What is being asked =>
No pictures in the copy. Write out the listing below exactly.

Collected data =>
· · · · · · ·

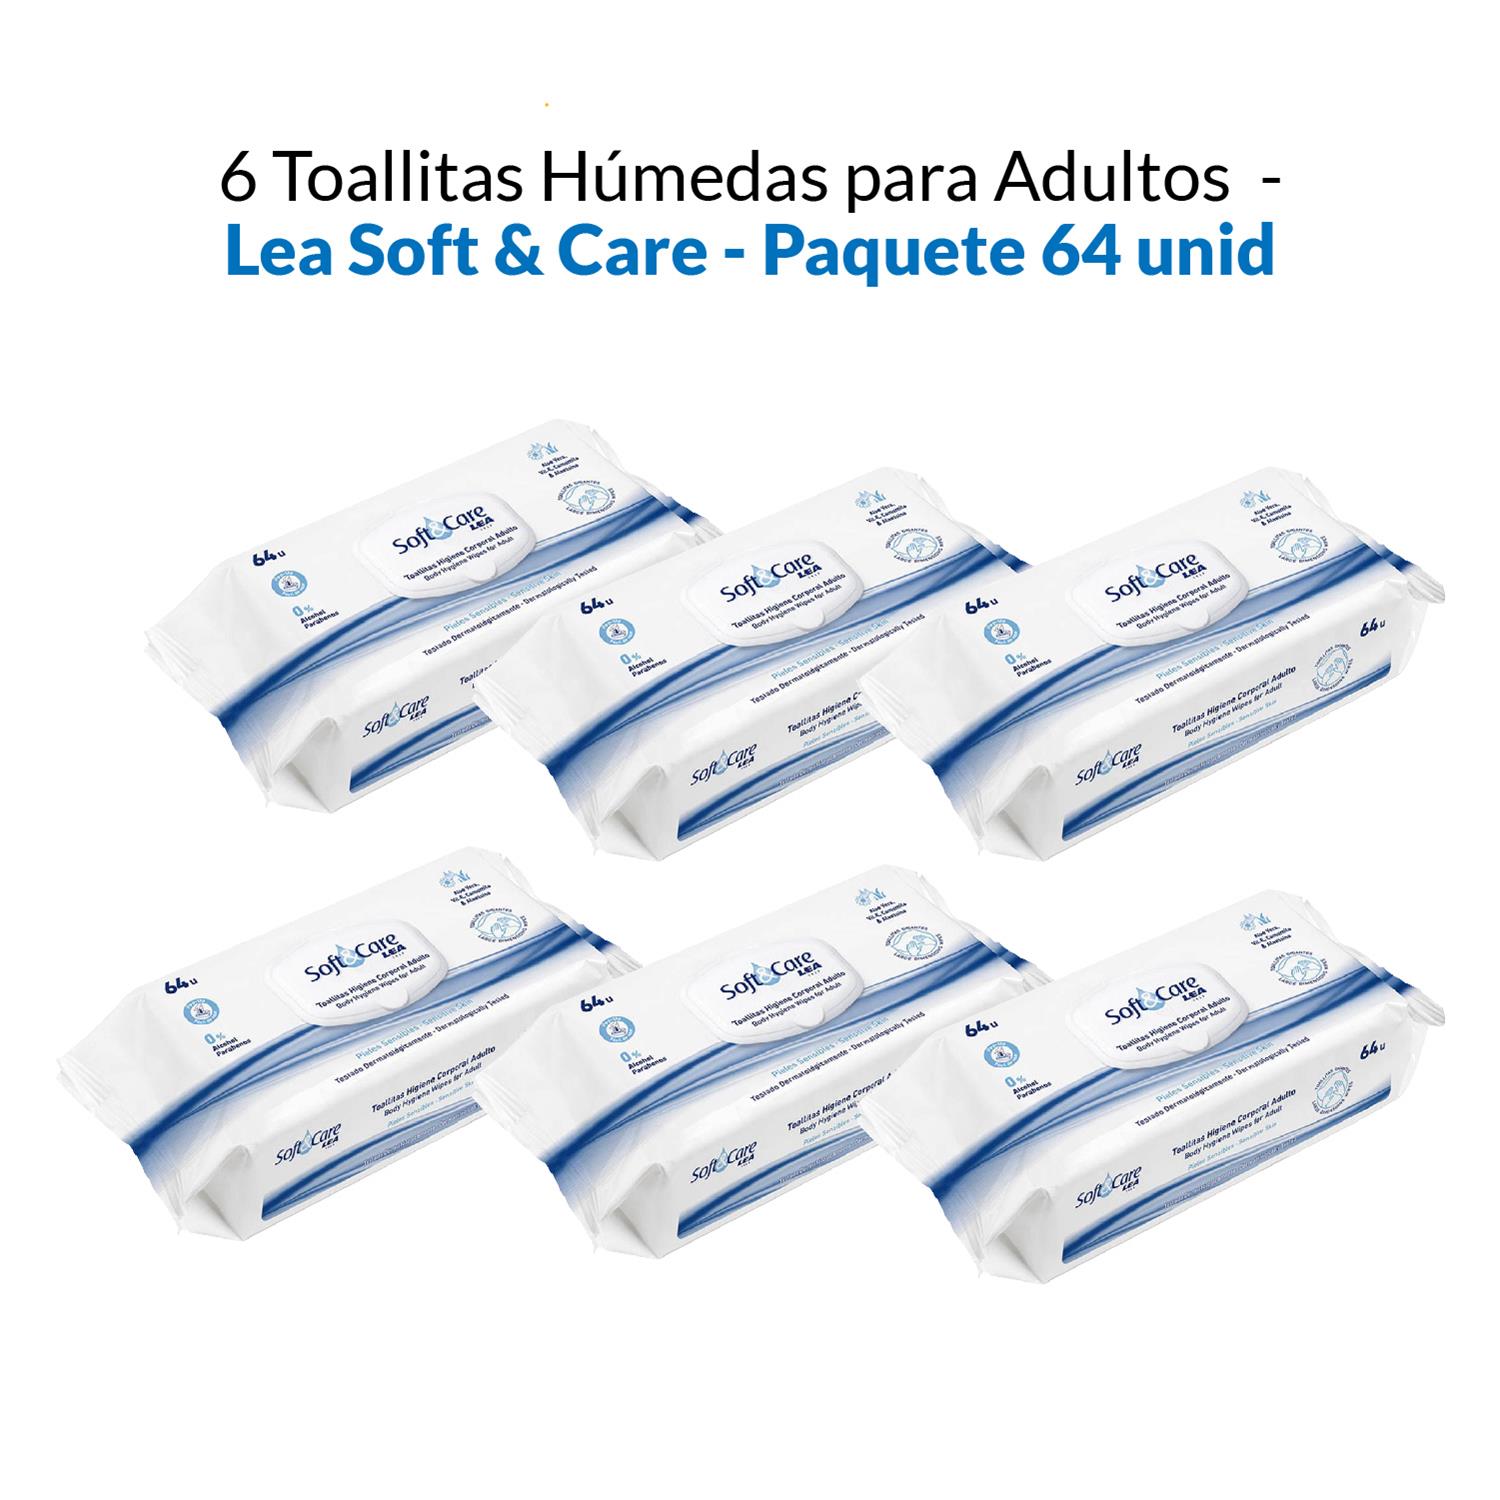 2 Toallitas Húmedas para Adultos - Lea Soft & Care - Paquete 64
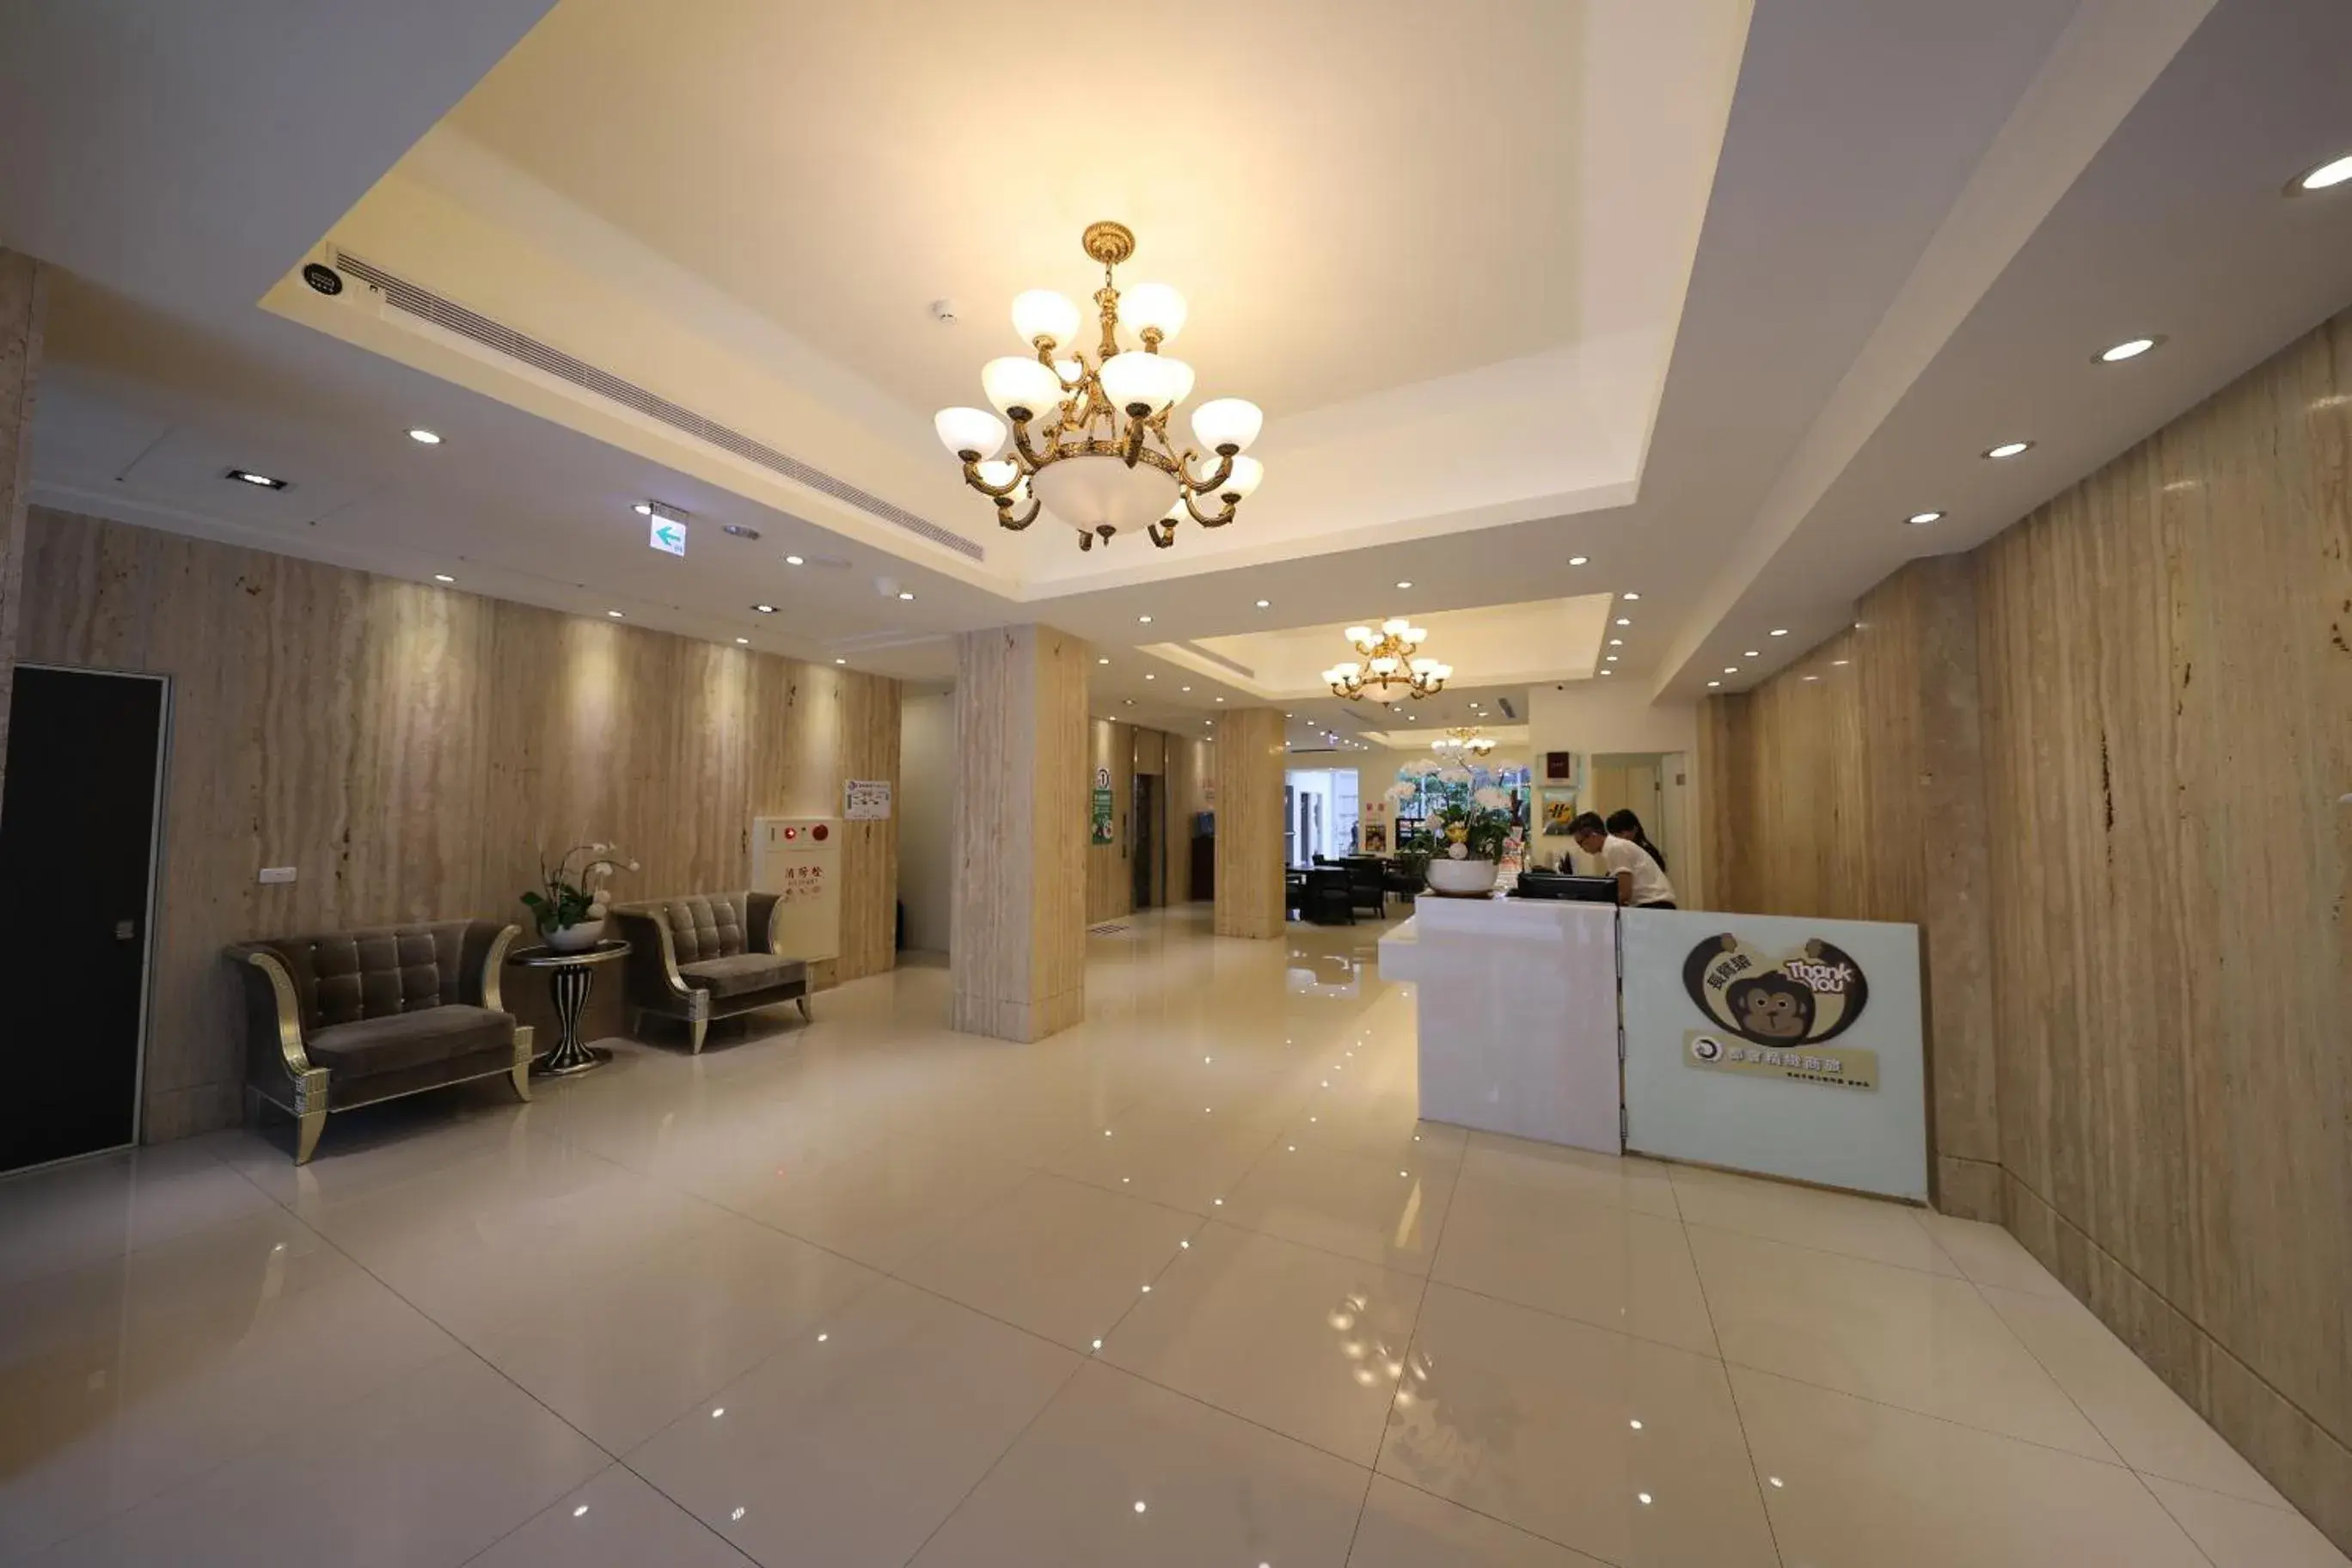 Lobby or reception, Lobby/Reception in M Hotel
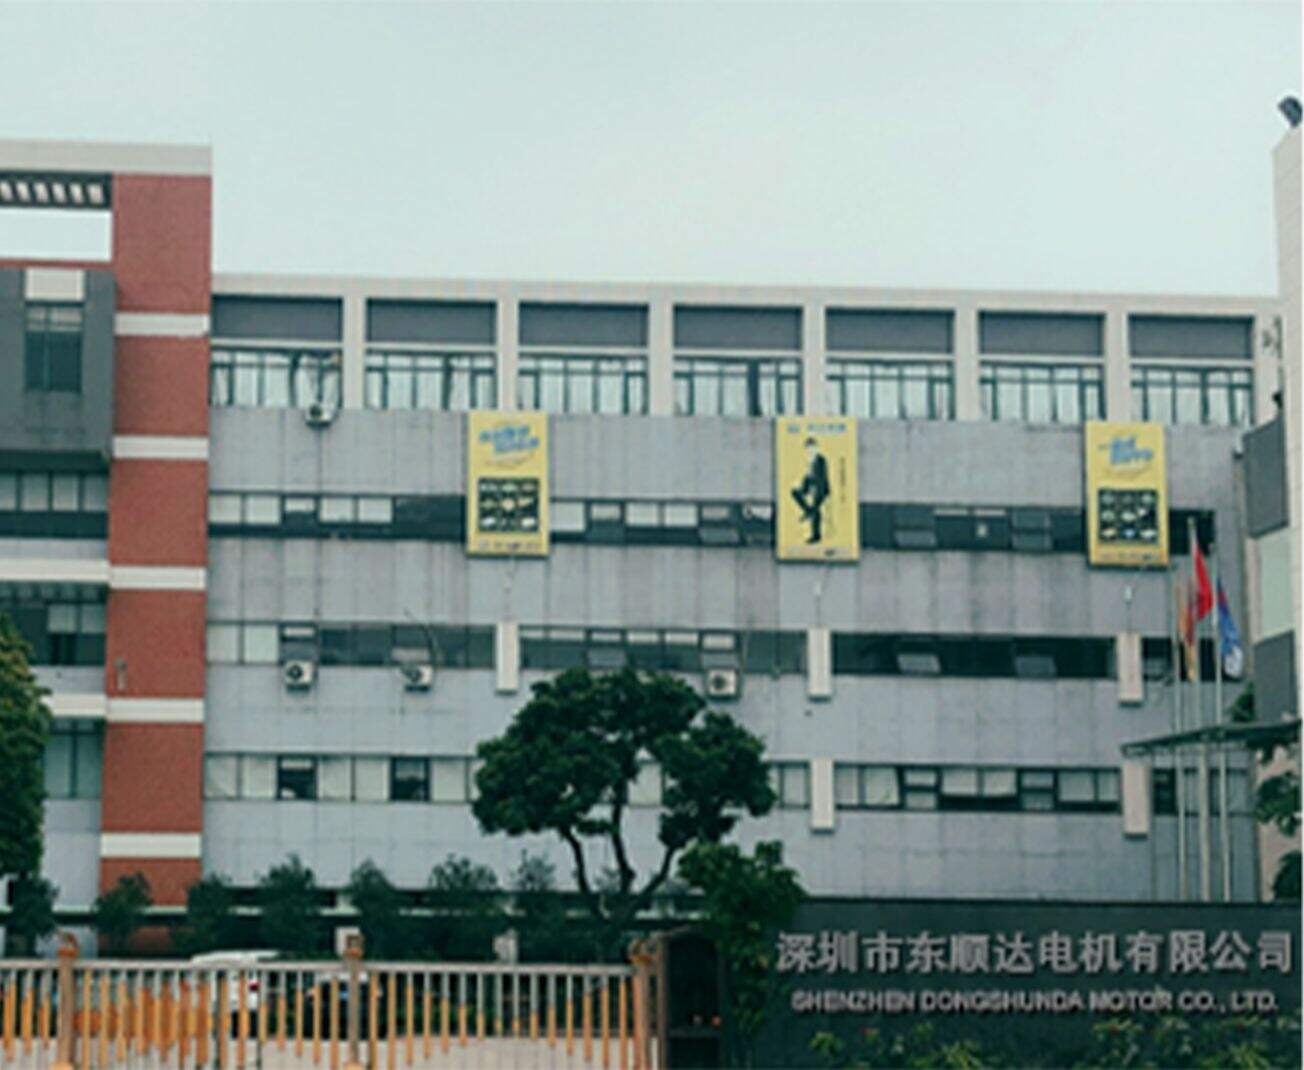 IShenzhen Dongshunda Motor Co.

· · · · · · ·

The answer =>
 2 Toallitas Húmedas para Adultos - Lea Soft & Care - Paquete 64
 Lobby or reception, Lobby/Reception in M Hotel
 IShenzhen Dongshunda Motor Co.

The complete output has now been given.